Daniel Thrasher
Waffle Church
[Preacher]
So, I said, "Lord... I am thankful for You."
[The crowd says "Amen" and "Amen, boy" and claps vigorously.]
[Preacher]
Speaking of gratitude, I went to the Waffle House the other day...
[Crowd Member 1]
Woo! Waffle House!
[Preacher]
Yep! And I had a realization.
[Crowd Member 1]
Waffles!
[Preacher]
(smacks lips)
I had a realization that God's Blessings could be found everywhere. Even on a plate!
[Crowd Member 1]
What kin- What kinda waffles did you get?!
[Crowd Member 2]
Yeah, did you get the Chocolate Chip?!
[Crowd Member 3]
I like to put peanut butter on my waffles.
[Preacher]
Yeah, no, I just got the regular ones. Just the plain old-
[Crowd boos]
[Preacher]
Okay, but that's not really my point! My point is that, uh, Grace can be found anywhere!
[Crowd Member 1]
What kinda syrup'd ya usе?!
[Crowd Member 2]
Did you use proper pouring techniquе?!
[Crowd Member 3]
Forty-five degrees is best.
[Crowd Member 2]
That seems to be the general consensus!
[Preacher]
Okay, I feel like we all need to focus-
[Crowd Member 4]
Was the waffle fluffy or crispy?
[Preacher]
Oh, Lord, help me...
[God]
'Sup? It's God.

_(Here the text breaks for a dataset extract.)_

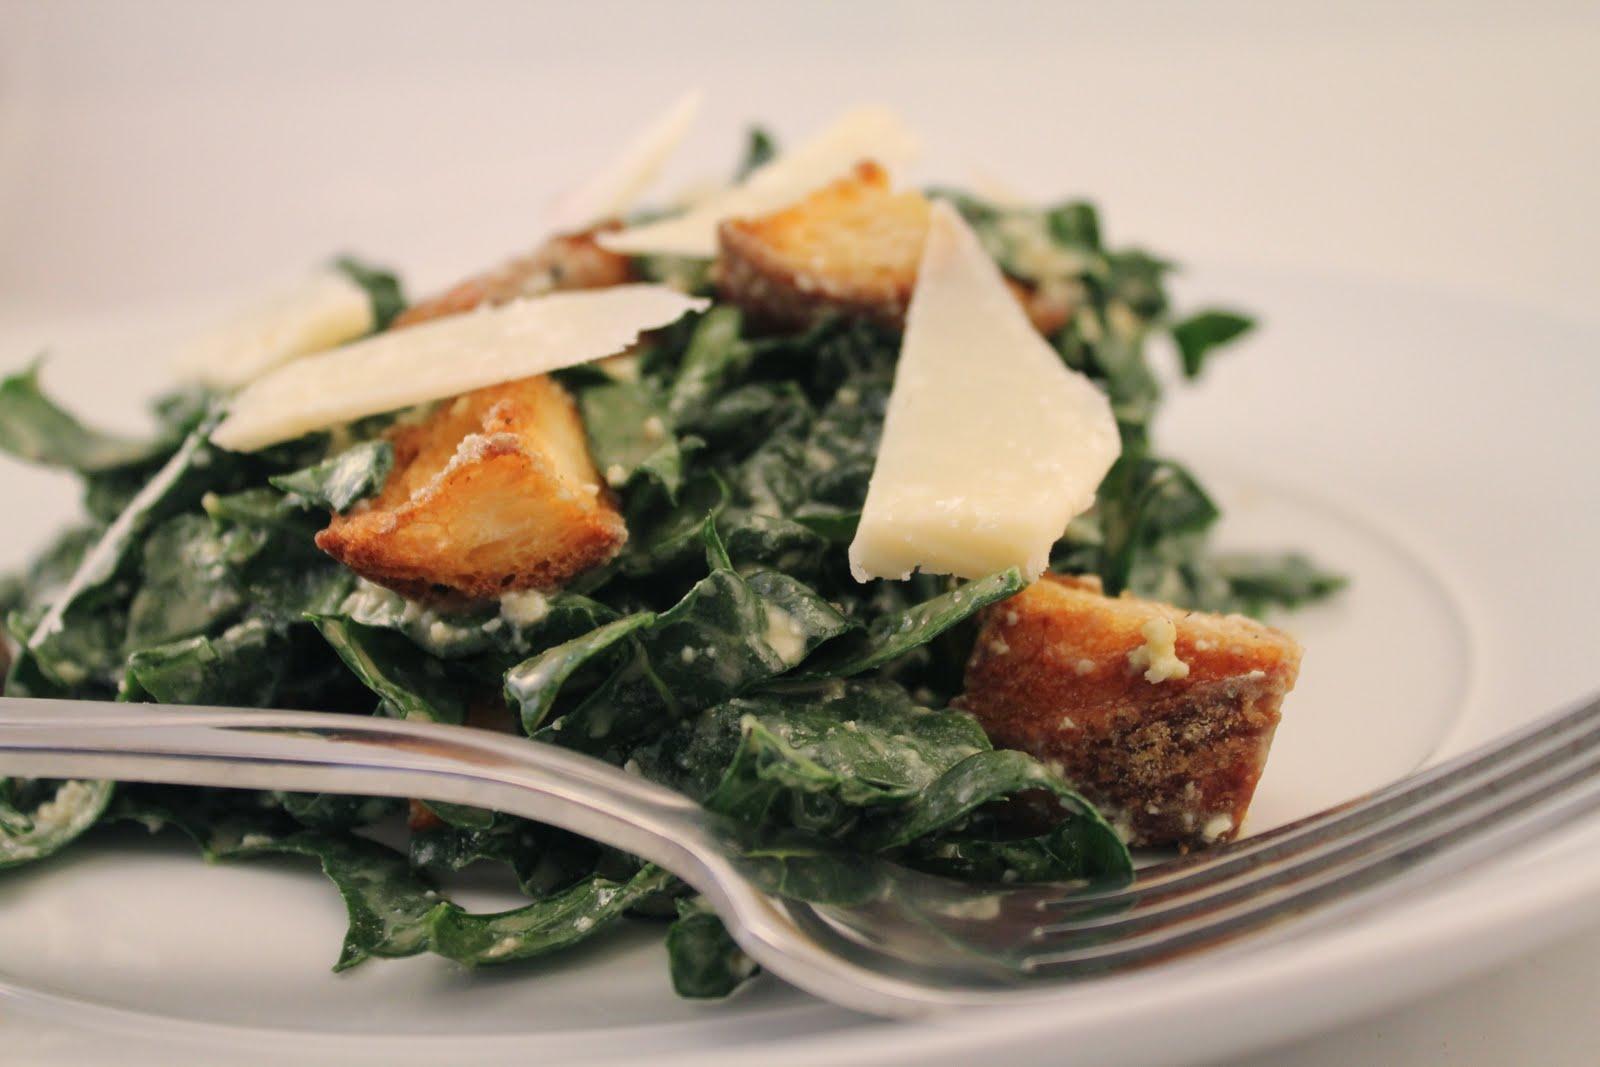 Simply Scrumptious: Kale Caesar Salad

Here I am.
[The Preacher and the crowd exclaim with praises of joy]
[God]
So, guys, ground rules for this church: Uh, only speak of holy things in this church, as it is a church.
[Preacher]
Thank you.
[God]
And, uh, speaking of "holey" things, how big were the holes in your waffles?
[Preacher]
You have got to be KIDDING ME!
[God]
C'mon, man, I died for your sins.
[Radio static]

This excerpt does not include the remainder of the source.